Passengers are arriving at LAX for an evening flight to New York City.  A man (Edmond O’Brien) wearing Coke-bottle glasses wanders around the terminal watching those passengers, including a popular actor (John Saxon) and a wounded Vietnam vet (Michael Sarrazin).  The man (which is how his character is identified in the cast list) clutches a brown paper sack to his chest.  Even with his thick glasses, he needs help reading a flight schedule board.

In the crew area of the airport, Captain Anderson (Van Johnson) picks up his chart valise and checks the weather for the flight with his co-pilot Reilly (Edward Faulkner).  One of the stewardesses on the flight checks her makeup, but drops her mirror, which shatters.  “I hope you’re not superstitious,” another of them says.
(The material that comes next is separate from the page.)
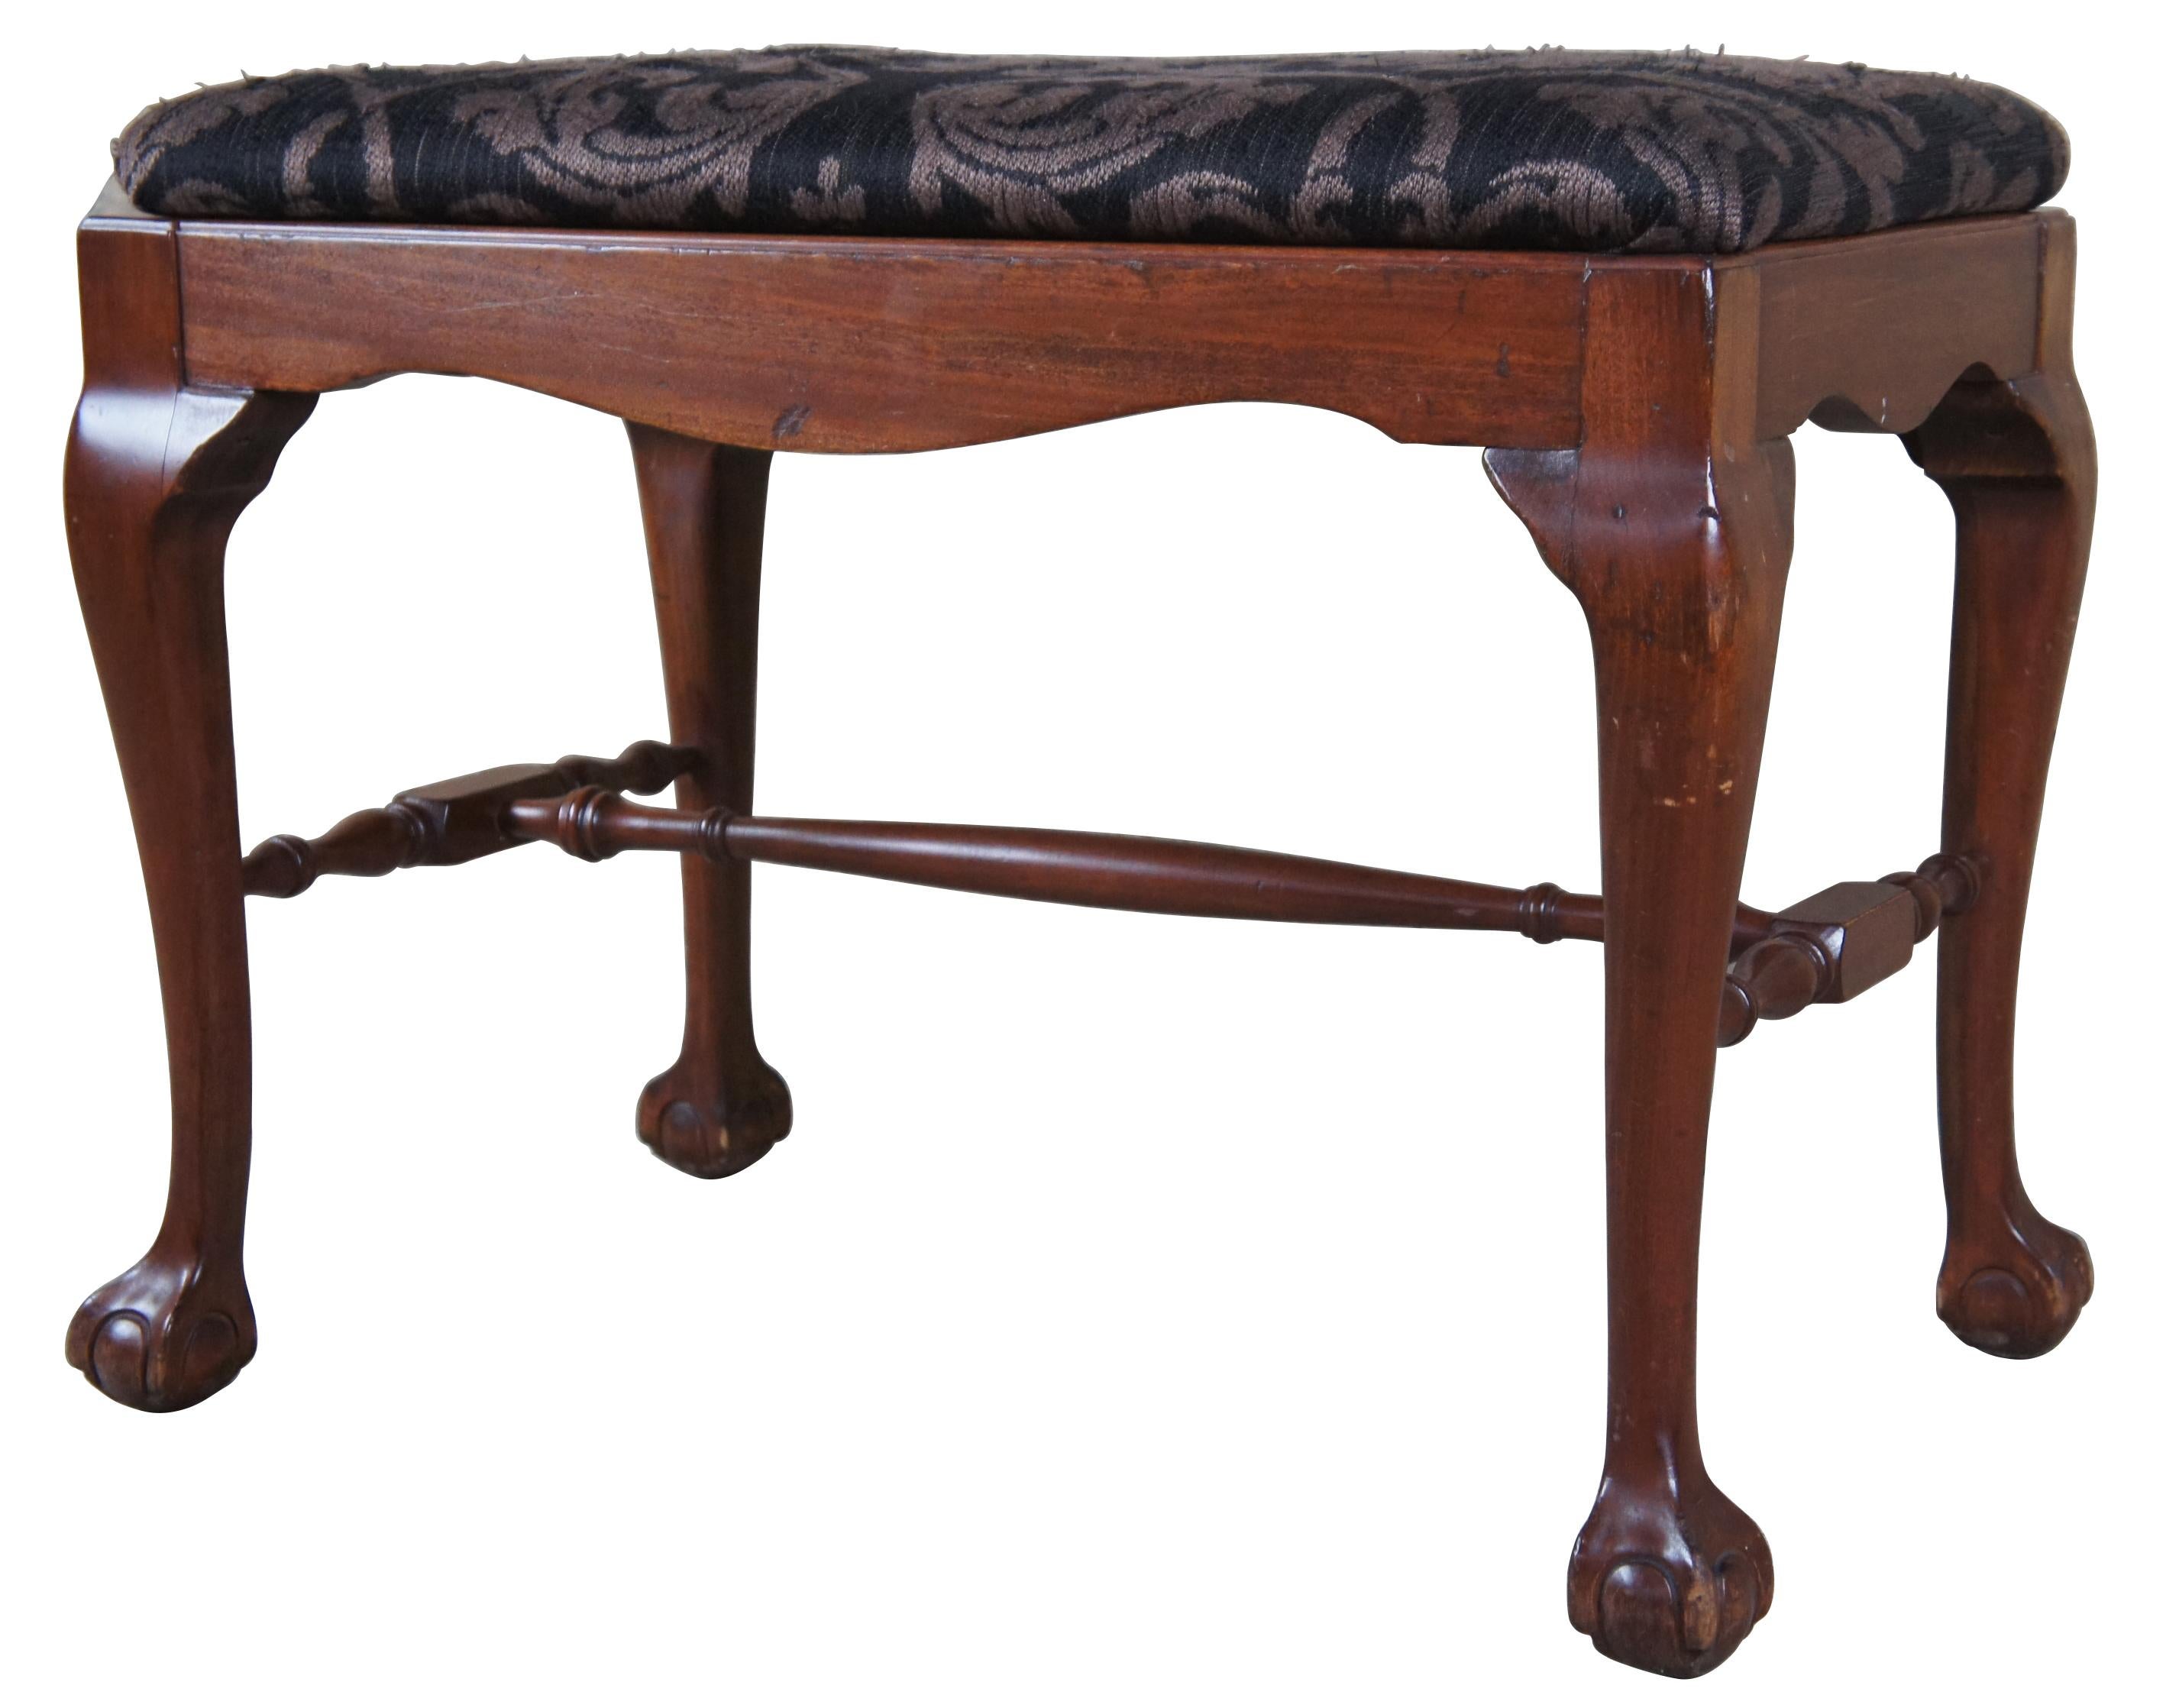 Vintage damask upholstered mahogany stool or bench. Features Chippendale styling with four legs connected by an H stretcher and ball and claw feet. Measure: 24

After the flight takes off on schedule, the airline’s office receives a call from the man.  He says he’s hidden a bomb on board the airplane that’s set to go off if they drop below an altitude of 5000 feet.  He demands a ransom for the location of the bomb and how to disarm it.  The man gives the airline enough details to prove he’s serious.  The FBI is brought in, led by Special Agent Frank Thompson (Jack Lord).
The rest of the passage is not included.